Fast forward 20 years and I am a lover of all things spicy – jalapenos, habanero and Hungarian wax peppers! It occurred to me one day that that I would probably LOVE that spicy stew of my Dad’s. I had asked him once how to make it but he could not remember, I realized then, that I didn’t even know the correct spelling so how could I search for a recipe?

It wasn’t until several years later that I found a page on Facebook called Hungarian Food and one day someone posted a meme of Hungarian foods. In it was the word lecso. Could it be? It looked pretty close.

I Googled it. Yep. Tomatoes, Hungarian Wax peppers, onions, kolbasz (Hungarian sausage) and of course, paprika.

Woohoo, I found it! The first time I made it was for my Dad, several years ago, to his delight. He hadn’t had it in years. I found a recipe, bought all the stuff to make it, and had no idea the Scoville scale even existed. You might know where I’m going with this.

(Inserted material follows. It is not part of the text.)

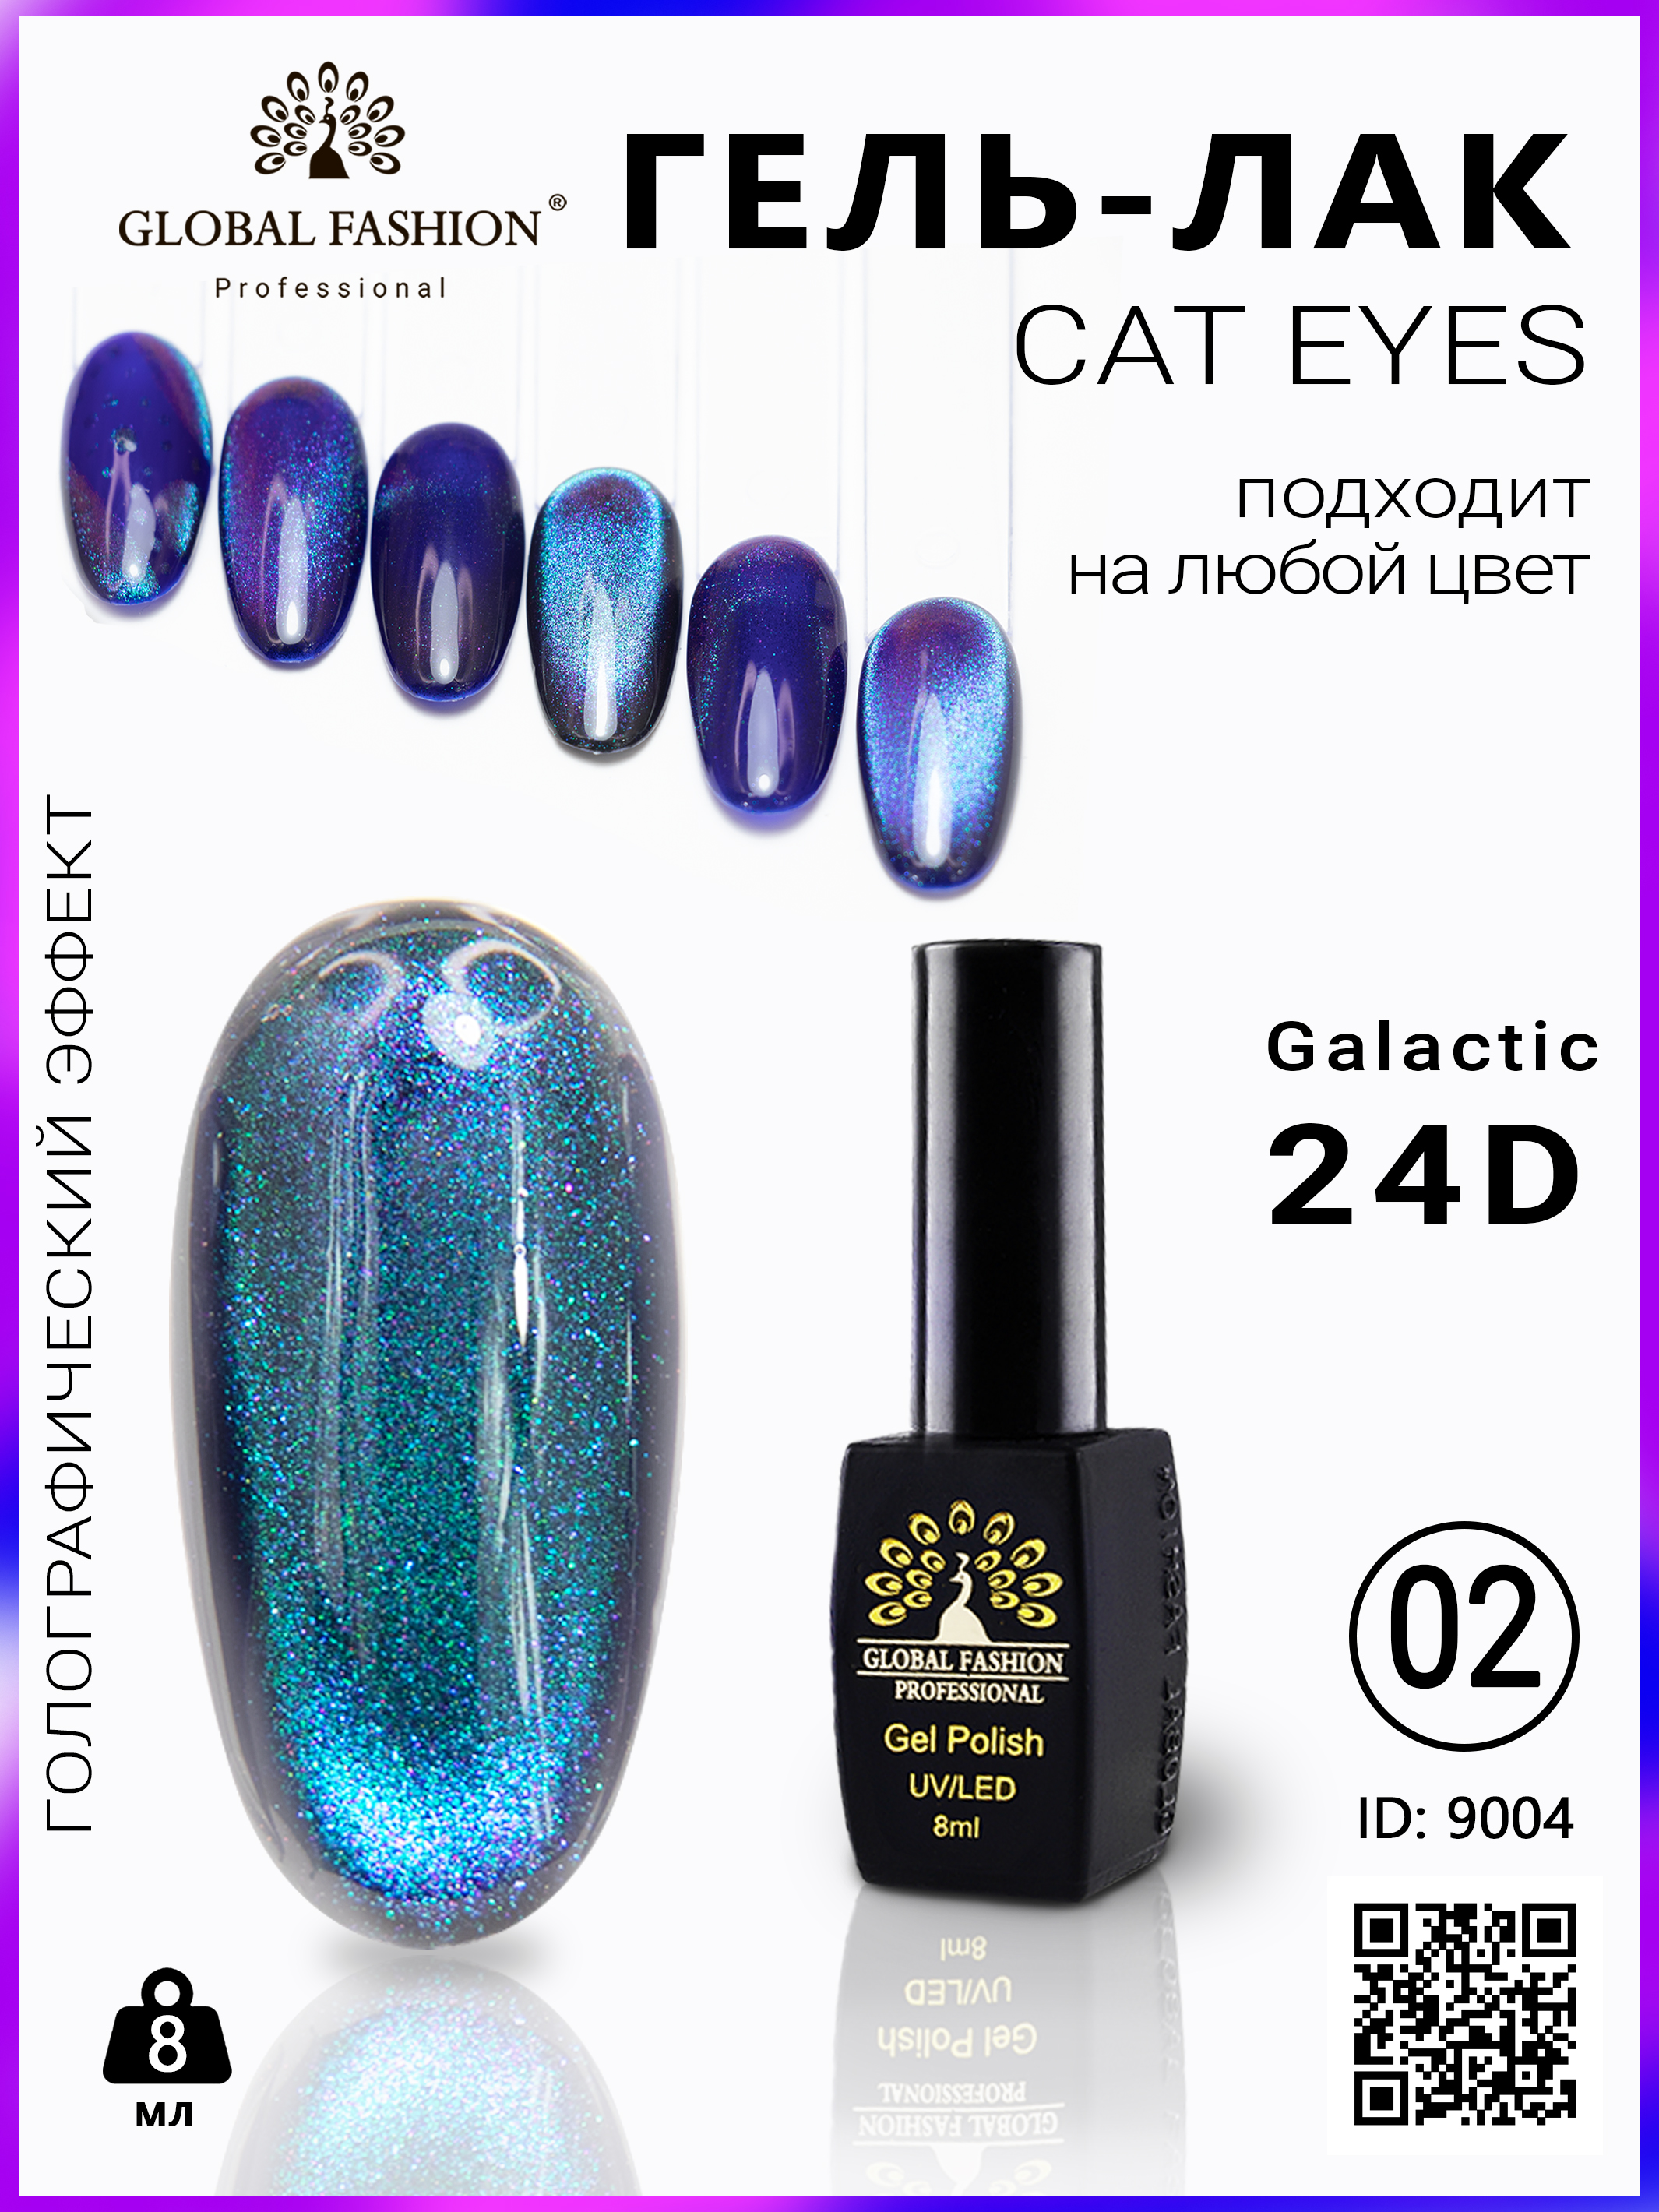 Гель лак кошачий глаз 24D Galactic Global Fashion 8 мл, 02 найти в  интернет-магазине Global Fashion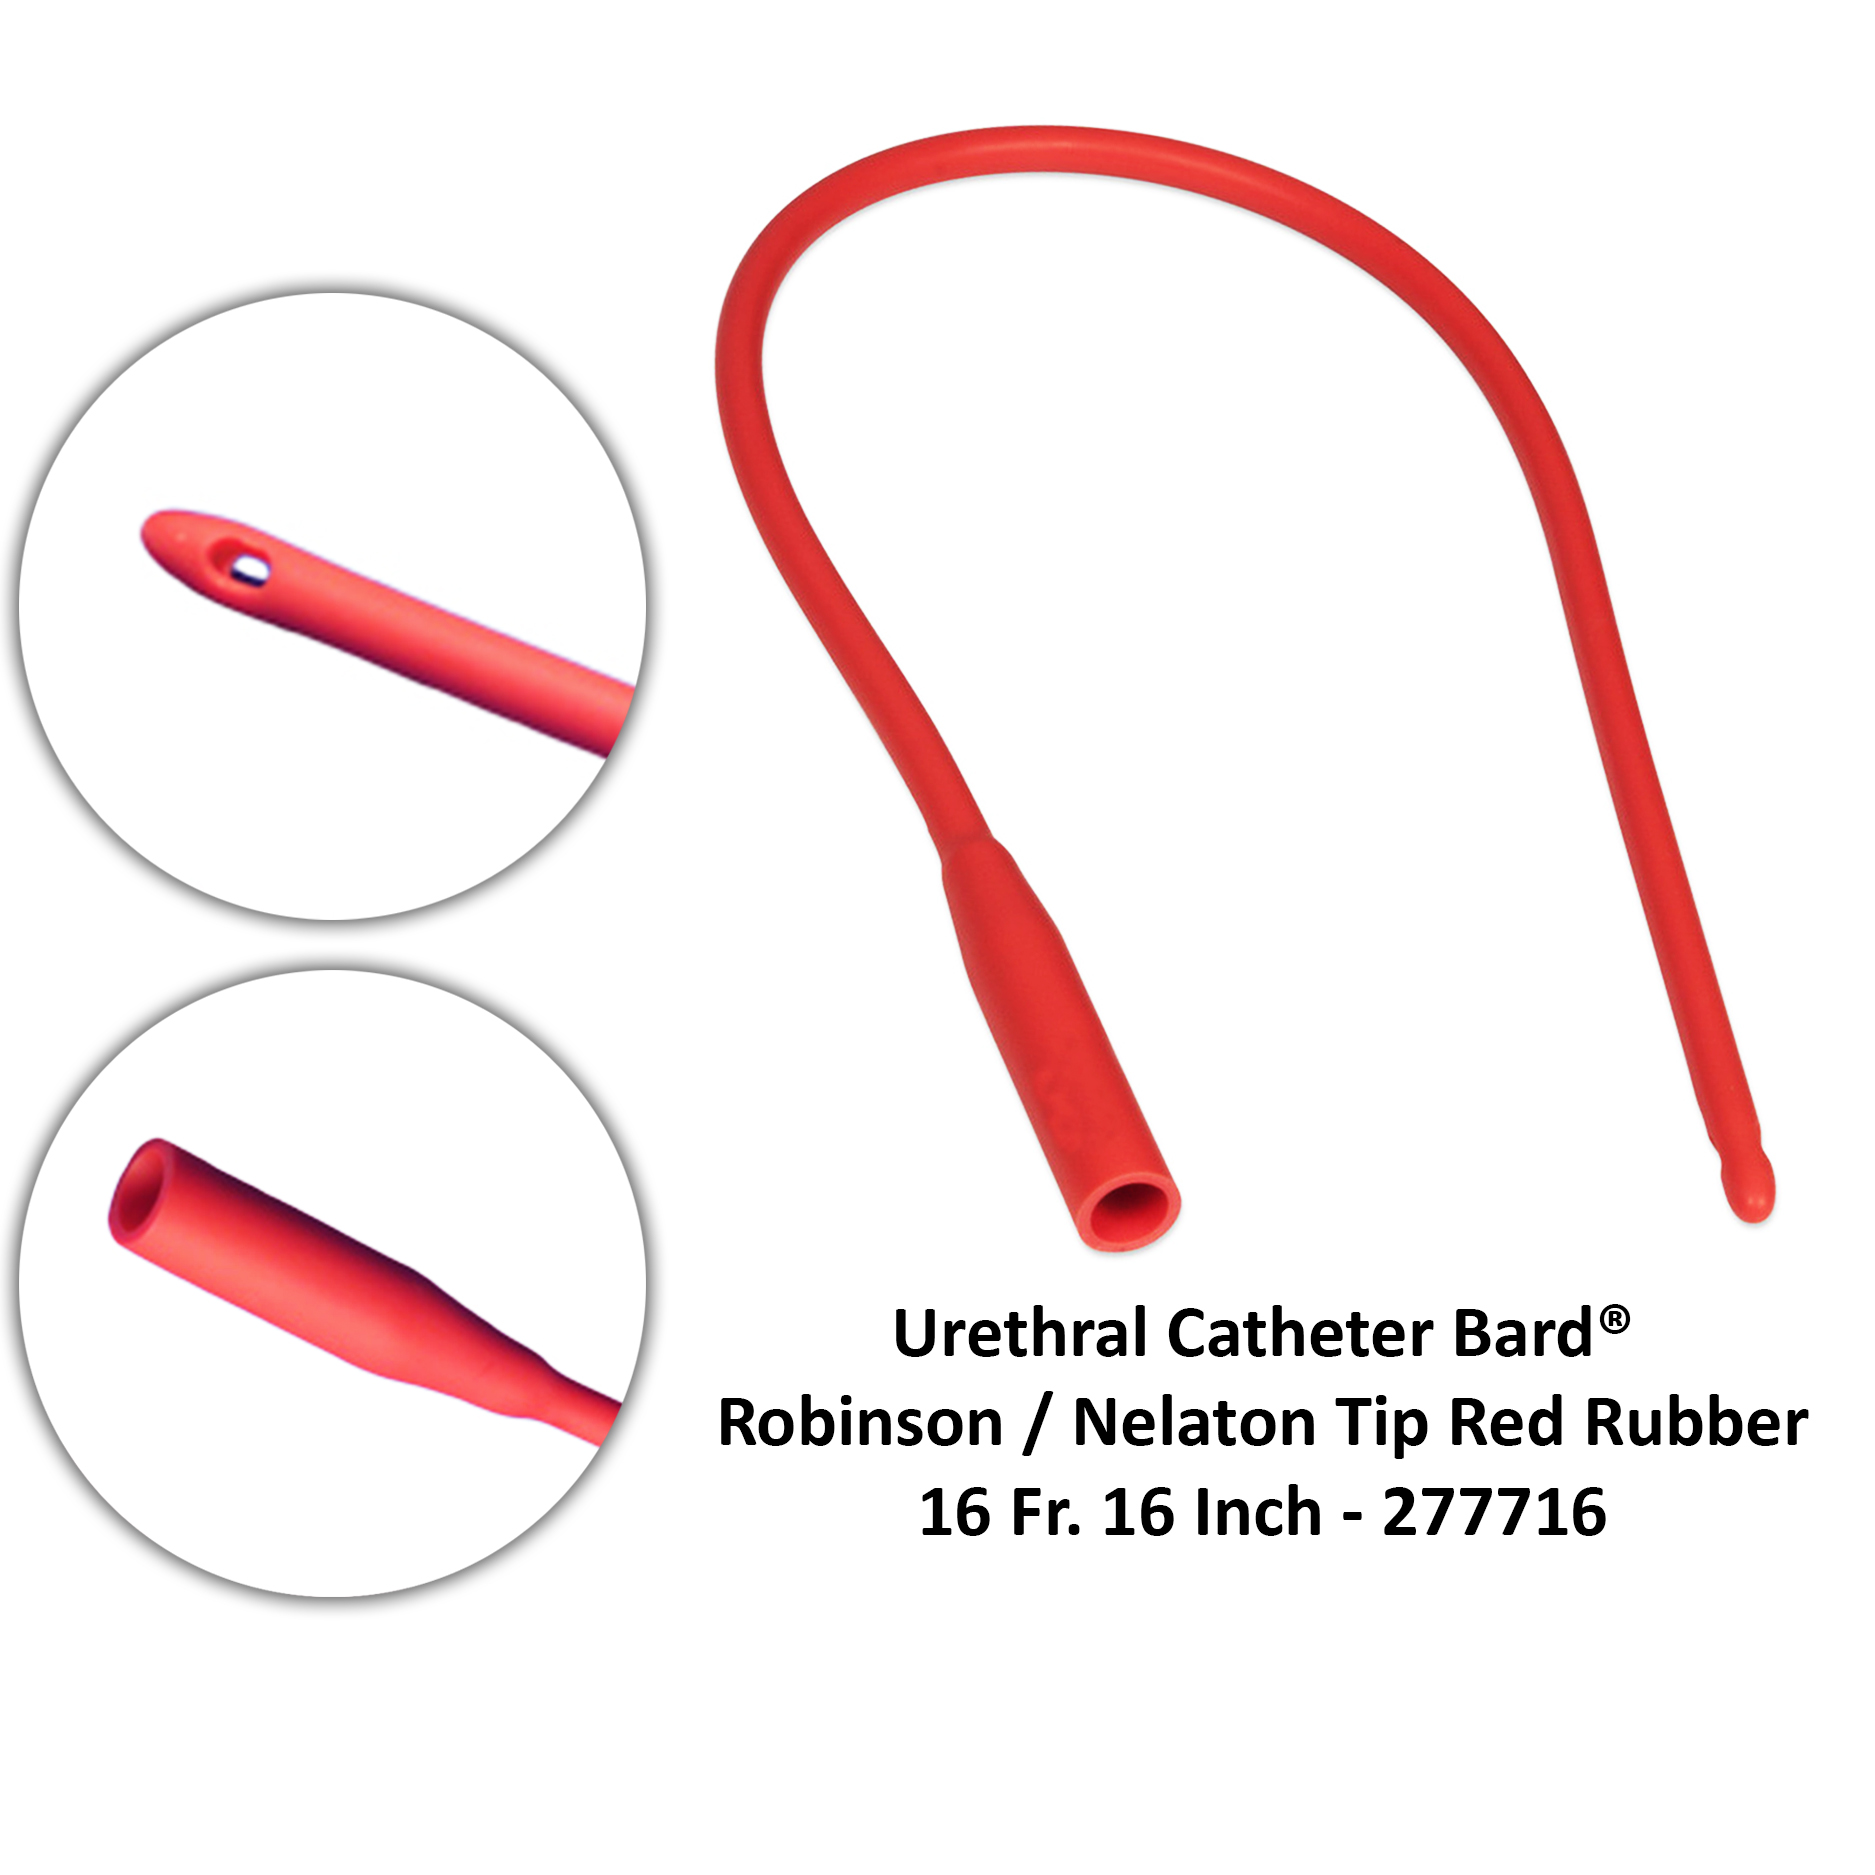 Urethral Catheter Bard® Robinson / Nelaton Tip Red Rubber 16 Fr. 16 Inch - 277716

I cut up all the tomatoes, peppers and onions when I noticed my fingers started to burn. Yep. WEAR GLOVES when cutting Hungarian Wax peppers! They’re as hot as jalapenos. Thank God I noticed the burn before I rubbed my eyes. I washed and washed my hands but they were still on fire the next day. Yikes! It was so worth it though, to see the smile on Dad’s face.

So now, in my meager garden, I grow tomatoes and Hungarian Wax peppers.

In fact, these are the grandpeppers of the peppers I first grew in 2020! I harvest the seeds each year for my next crop. They get hotter as they mature and turn red. I missed the “yellow” window and several of these peeps had already matured.

So I took them all camping and decided to make lecso over the fire in my cast iron Dutch oven. Because many of the peppers were already red, this batch was going to be HOT!

Now, a Hungarian person reading this might say, “That’s not kolbasz!”  Haha.. I chose Polish sausage instead as this dish is really kind of a remembrance of my folks – my Dad was Hungarian and my mom, Polish.

Once all the tomatoes and peppers were chopped, I started cooking the sausage, which soon got the attention of the neighbor’s dog.

It was a pretty hot day to be doing this, but it was worth it.

Soon, I realized my 10″ Dutch oven would not hold my entire concoction.  Thank God for my sister’s brand, spanking new 12″! She had even ordered the foil liners to make clean up a breeze!

So into the pot it went, with the cooked sausage. I let it thicken, simmer and then added minced garlic and paprika. The first time I made this, I used the recipe I linked to above, but now I typically just do everything to taste. It depends on how many tomatoes and peppers I have on hand.

Yum.. The smell of the peppers wafting across the campsite was amazing!

If you grow tomatoes and peppers, try this out! It also freezes pretty well to heat up later on a cold winter day.